This lecture is taught by Amer Mushtaq, LL.B., M. Engineering , B.Sc. (Hons.), who is the Principal and Founder of Formative LLP.   Through his YouTube channel, YouCounsel, Amer shares practical advice from his years of legal experience to help anyone access justice and achieve their goals.  Subscribe today to learn more.


Show Notes:


Lecture Slides:

Welcome to YouCounsel.

Procedural fairness impacts all of us—whether we’re in the court system or not, we are always dealing with procedural fairness in our everyday life.  In the court system you may have noticed that a number of my lectures are about procedure – whether it’s Rules of Civil Procedure (whether in small claims court procedure or family law procedure).  In a court system the procedures are often laid out/ defined in great detail because courts are concerned with the process by which the decision-making is done.  The court is trying to ensure that every party who is involved in a court process is entitled to a procedural fairness in that system.  But what happens in our lives outside of the court system? How does the procedural fairness impact all of us on a daily basis?  That is what this lecture is about.

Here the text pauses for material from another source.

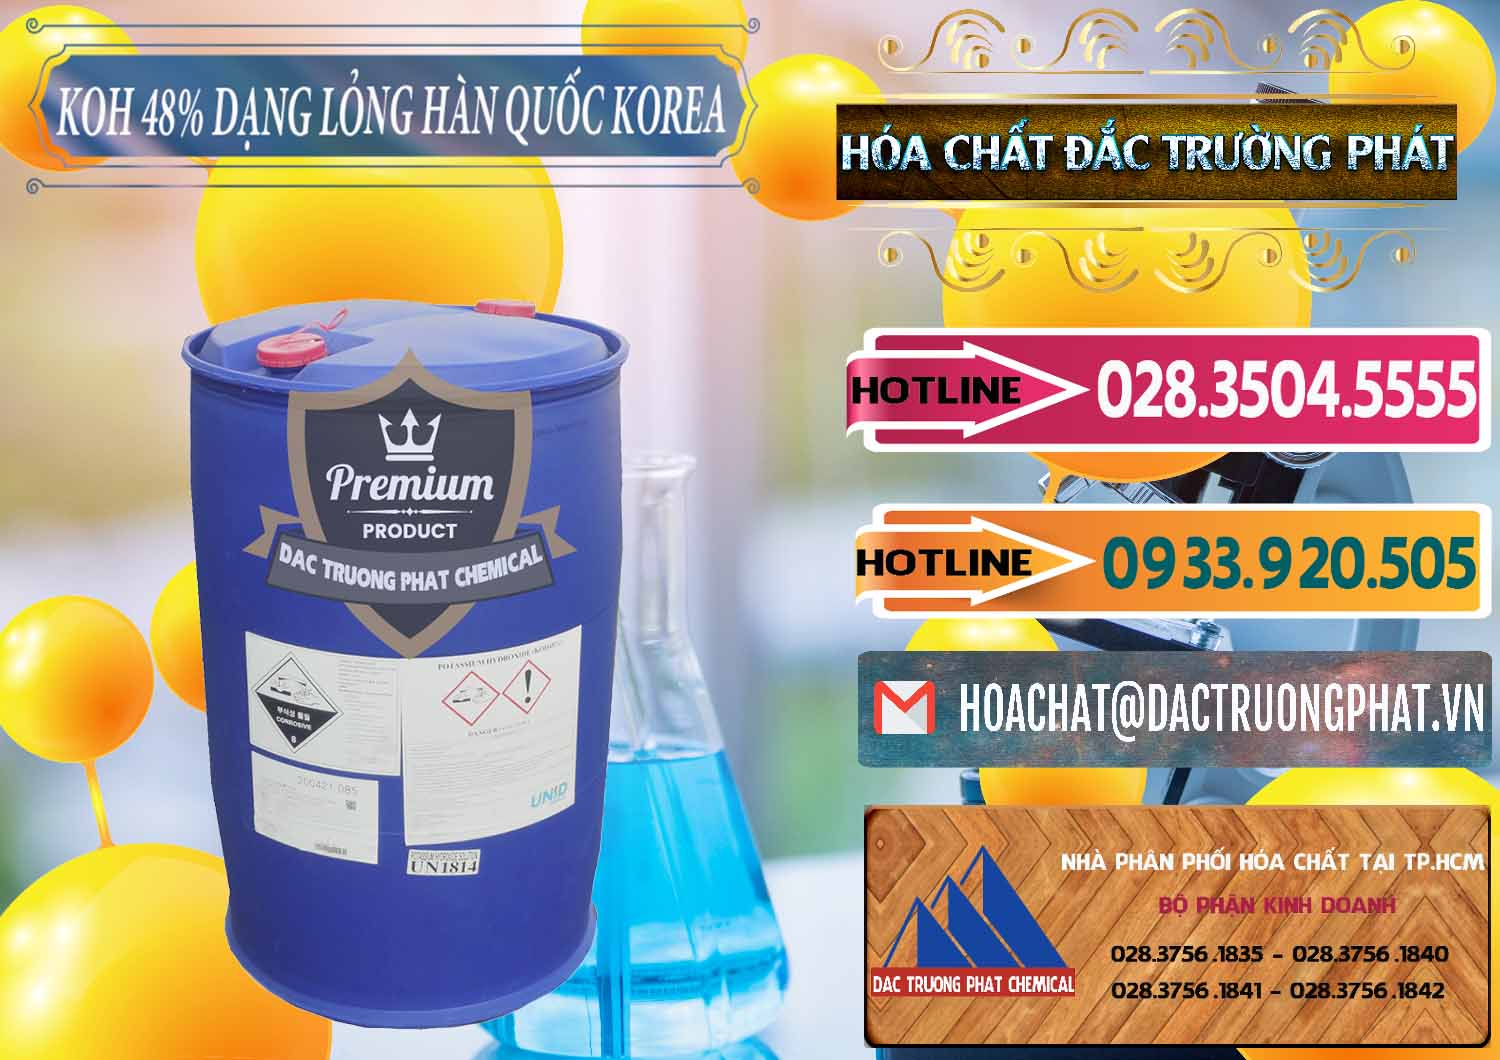 Cty chuyên bán ( cung cấp ) KOH Dạng Nước – Potassium Hydroxide Lỏng 48% Hàn Quốc Korea - 0293 - Nhà cung cấp ( phân phối ) hóa chất tại TP.HCM - dactruongphat.vn

We begin with our usual disclaimer that this lecture is not legal advice.  If you have any specific questions regarding your issues you should contact a lawyer or a paralegal or the Law Society of Ontario for a referral.

Who is affected by procedural fairness?  As I stated, the answer is all of us—when we are dealing with the public or quasi public institutions—we are always dealing with issues of procedural fairness.  For example, when you apply for employment insurance, when you’re laid off from your employment or when you are ill or when you are on maternity leave or part of parental leave and whatnot you are dealing with procedural fairness – social benefits, welfare, disability matters all are dealt in procedural fairness.  When you are engaging health care, attending hospitals, universities, colleges, when you’re applying for a license (for example, a driver’s license or health card) – all of these instances are examples where procedural fairness is at play. Even in private institutions, for example, when an employer conducts a workplace investigation that investigation is bound by procedural fairness.  There are so many scenarios in our life where we are engaged with procedural fairness.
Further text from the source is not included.